8 ou 80

Por Nelson Pires, General Manager da Jaba Recordati

 

Nós Portugueses, onde me incluo, não sabemos viver nos 40, vivemos sempre bem no 8 ou no 80. E utilizar esta perífrase tem muito a ver com a nossa cultura. Quando confinamos temos realmente de confinar totalmente, o 8. Quando desconfinamos, não podemos fazê-lo a “meio gás”, a 40. Sempre vamos tender a conseguir uma excepção: o amigo que não víamos há muito tempo e podemos dar um abraço, a mesa de 4 que dá para 5 pessoas, o restaurante que aceita clientes que entrem até as 22h30, o passeio na Marina de Vilamoura com milhares de pessoas mas é ao ar livre … somos assim, provavelmente impossíveis de governar e sermos governados. Ou seja, apenas vivemos bem com o 80, onde somos orientados. 

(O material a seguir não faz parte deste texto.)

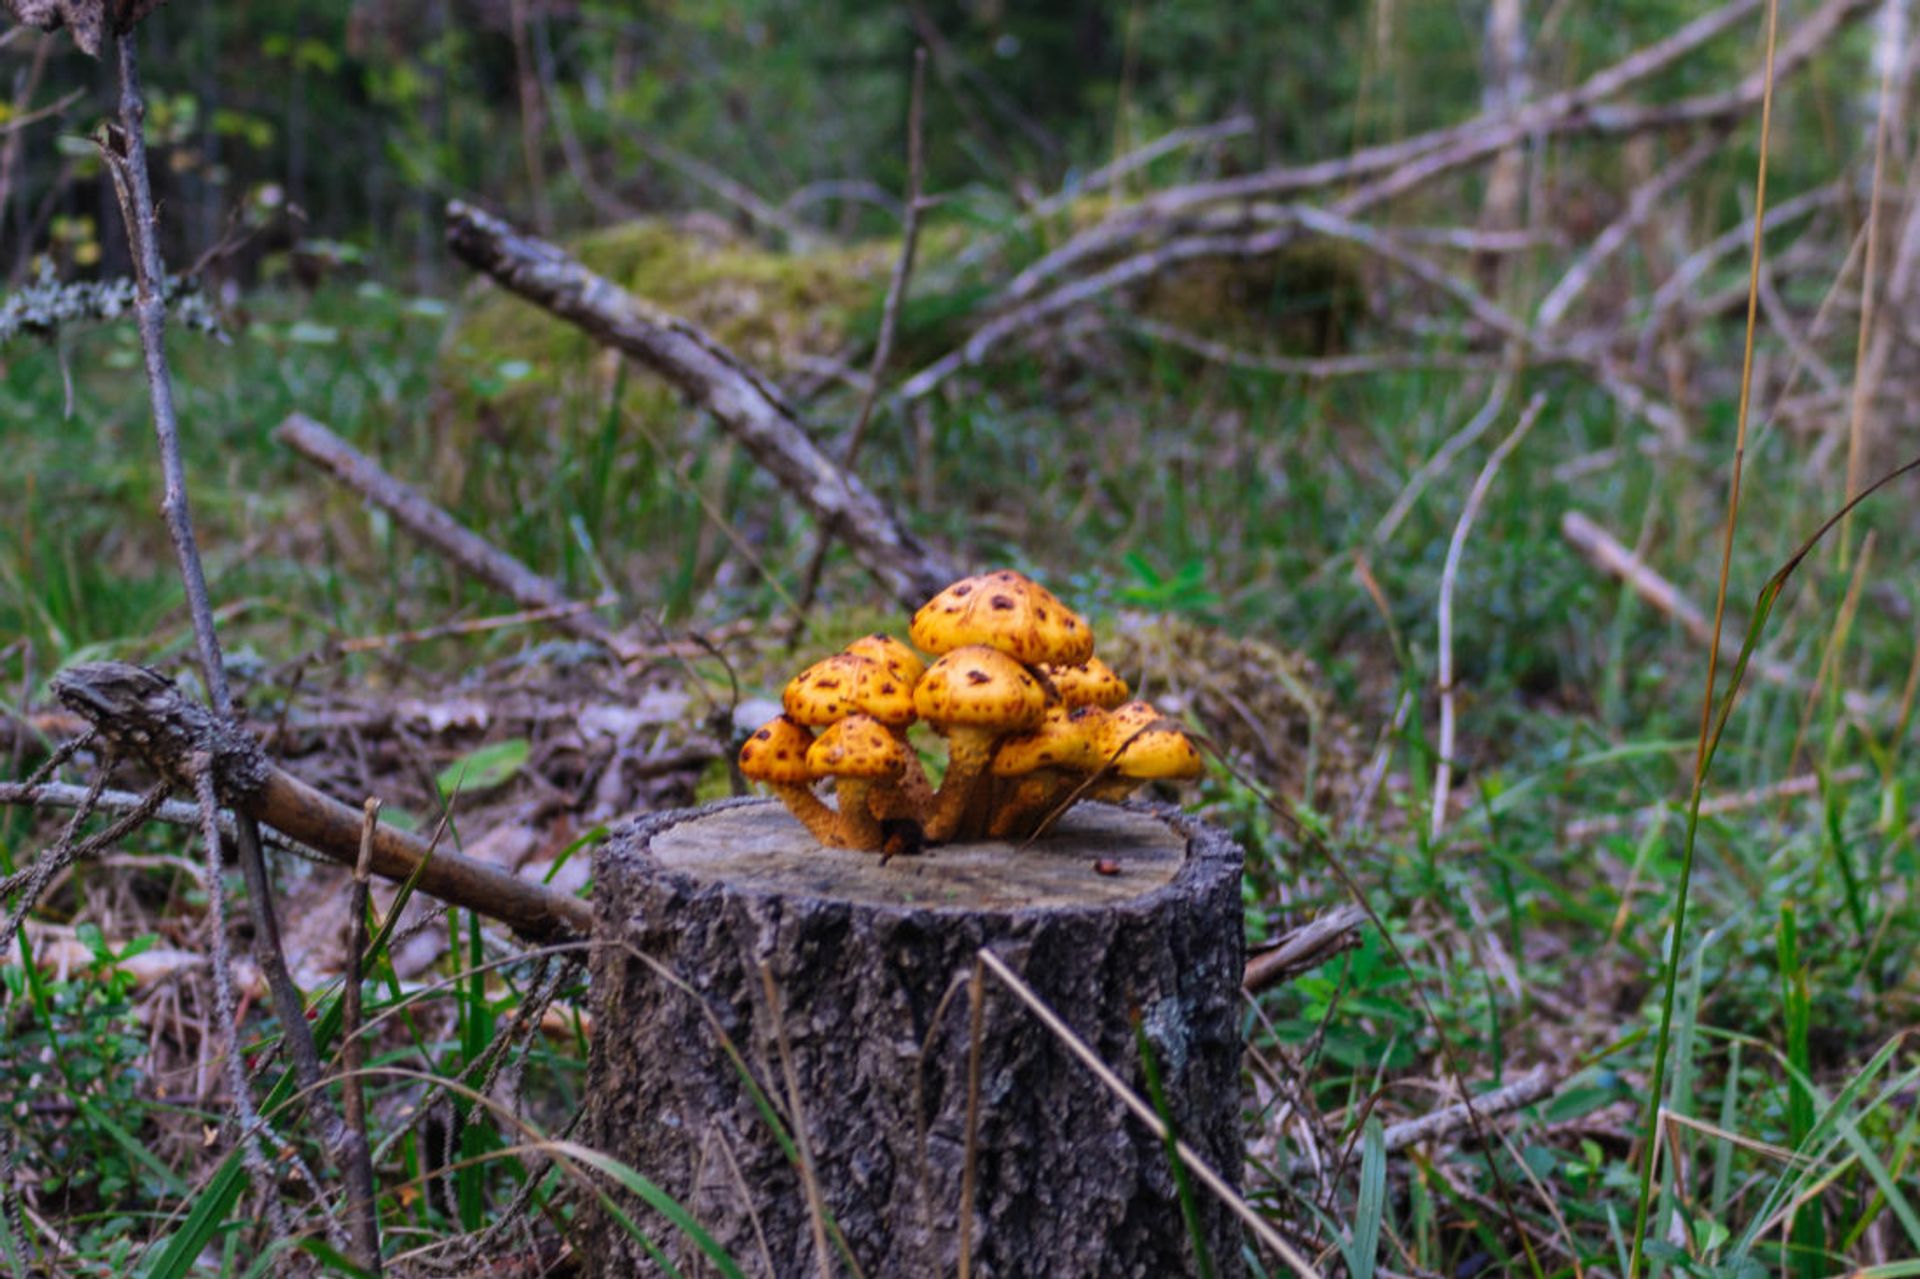 Closeup of mushrooms on a tree stump.

É sem dúvida um ponto fraco, mas que nos confere características únicas: resiliência, adaptabilidade, transparência, abertura para o mundo, adoramos ajudar, somos informados, defendemos o que é nosso e adoramos sorrir. Se conseguirmos transpor estas características para a administração do país e das empresas, potenciarmos a inovação, criarmos um modelo organizativo, melhorarmos a liderança, temos o “melting pot” para voltarmos a ser uma potência no mundo. Ainda por cima, uma potência que não gera inveja pois somos pequenos e simpáticos. E enquanto todos ficam surpresos pelo nosso sucesso, consolidamo-lo.

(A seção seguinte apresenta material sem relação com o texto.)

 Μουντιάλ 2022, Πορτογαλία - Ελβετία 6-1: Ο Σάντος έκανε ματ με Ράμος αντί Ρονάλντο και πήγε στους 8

Aliás vemos exactamente este processo no programa de vacinação covid: uma liderança bem estabelecida (não é uma pessoa, mas uma equipa), um modelo organizativo militar bem definido, todas as características que nos são familiares e enumerei atrás, que facilitam a implementação. Por exemplo, fomos agora buscar as vacinas que a Noruega não utilizou, porque sabemos negociar win-win e somos flexíveis. Mas comunicámos mal as regras desde o início (as máscaras são o exemplo mais infantil que representa esta realidade), criámos processos complicados (deviam ser KISS – “keep it simple and stupid”) e fomos tolerantes com a má implementação dos mesmos. Ou seja tudo possível de diagnosticar e antecipar, evitando os erros e ameaças bem como minimizando os pontos fracos. Bem sei que gerir uma pandemia que ninguém conhece a dimensão, deve ser muito difícil. Mas socorrermo-nos das práticas da gestão permitiria minimizar muitos problemas graves. Podiam ter feito uma análise swot e avaliavam criteriosamente os riscos e oportunidades de melhoria.

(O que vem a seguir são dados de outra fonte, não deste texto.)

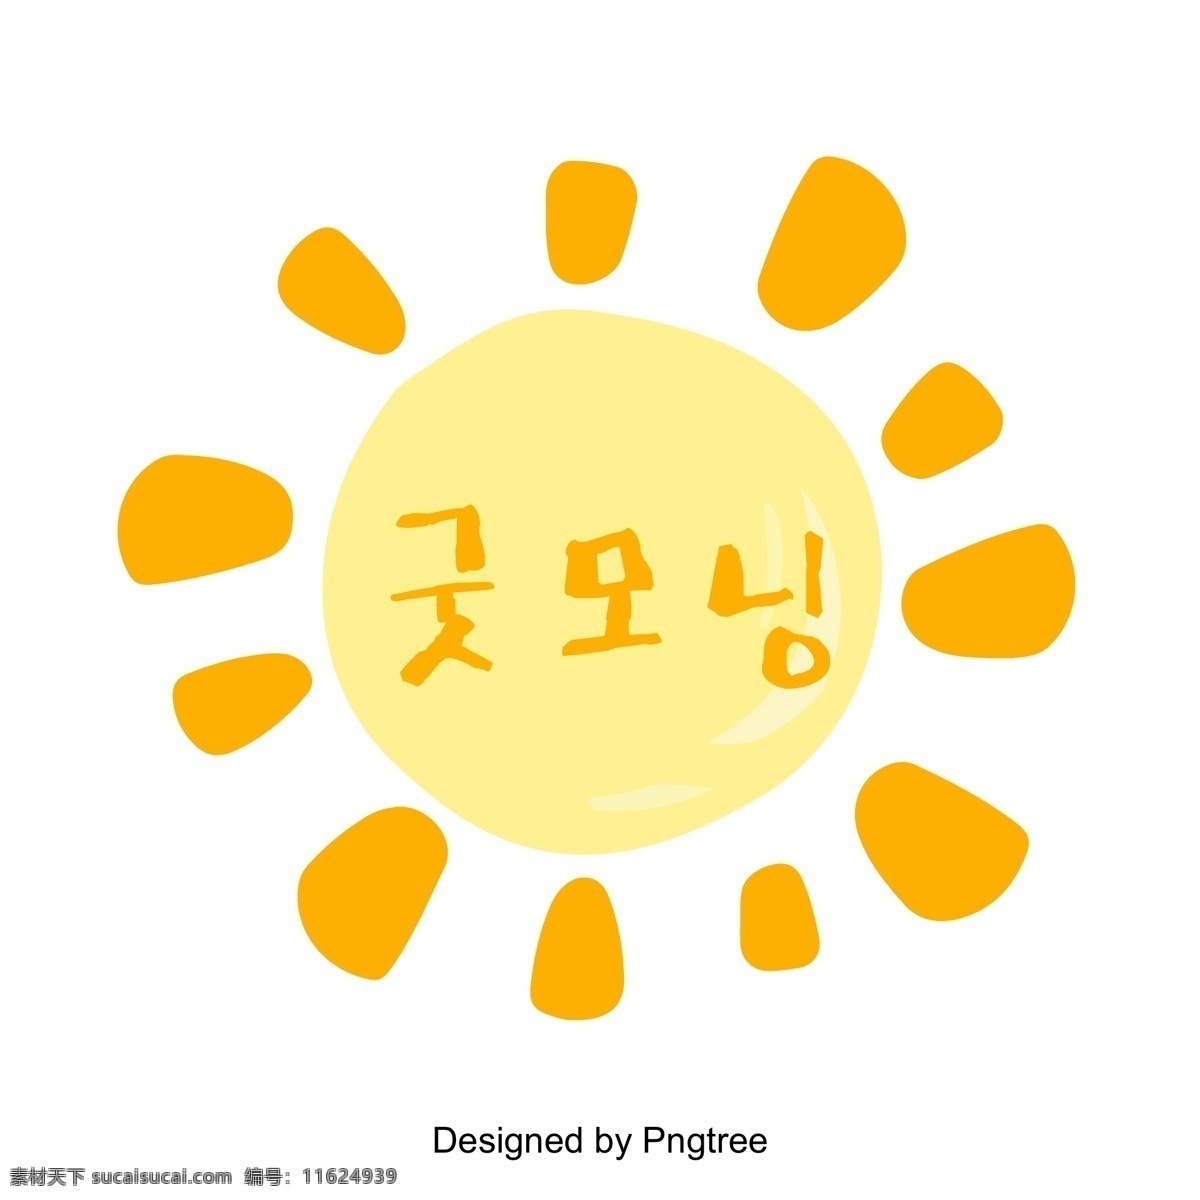 早上 好 阳光 警报 字体 早上好 抽象的设计 卡通 可爱 太阳能字体

Portanto na essência, o nosso ponto fraco pode ser um ponto forte se considerado passível de ser melhorado. Só sabermos viver no 8 ou 80 não é mau, é uma oportunidade. A questão mais aguda está na liderança das organizações e do país, que definem o modelo organizativo, implementam os processos e melhoram as competências, estimulam a accountability, criam regras de autonomia para adaptar, medem os KPIs, intervêm rapidamente quando algo corre mal (o chamado “killer instinct” na vertente positiva”). 

Mas existe um risco enorme que está relacionado com o formalismo português, que considera o “chefe” como alguém com capacidades acima da média. E muita vezes vemos o  o efeito de Dunning-Kruger na liderança em Portugal.  Justin Kruger e David Dunning, dois professores de psicologia da Universidade de Cornell, argumentaram que as pessoas com poucas competências num domínio tendem a sobrestimar sistematicamente a sua capacidade. Este resultado veio a ficar conhecido como o efeito de Dunning-Kruger. Isso aconteceu com a indefinição, pouca clareza e até contradição nas regras de vacinação das crianças dos 12 aos 15 anos. Até a forma da retoma económica sofre desta indefinição, os nossos líderes já percorreram todas as letras do alfabeto para caracterizar o formato da curva da retoma : retoma em “V”, depois “L”, a seguir “W”, agora uma retoma em “K”, em que, dentro da mesma economia, existem áreas que regressam rapidamente aos níveis anteriores à crise e áreas que continuam, por um período prolongado, a apresentar resultados negativos.

Portanto o nosso problema é duma liderança Krüger Dunning (por vezes, mas nem sempre, nas organizações e na administração do país), bem como subserviência e elevada dependência do estado. Essa figura impessoal e descaracterizada, longe do cidadão comum mas que convém não esquecer, até o inclui como financiador e financiado. 

Em suma, elevemos Portugal ao ranking que merece, o de melhor país do mundo para viver e que pode ser um “diamante por lapidar”!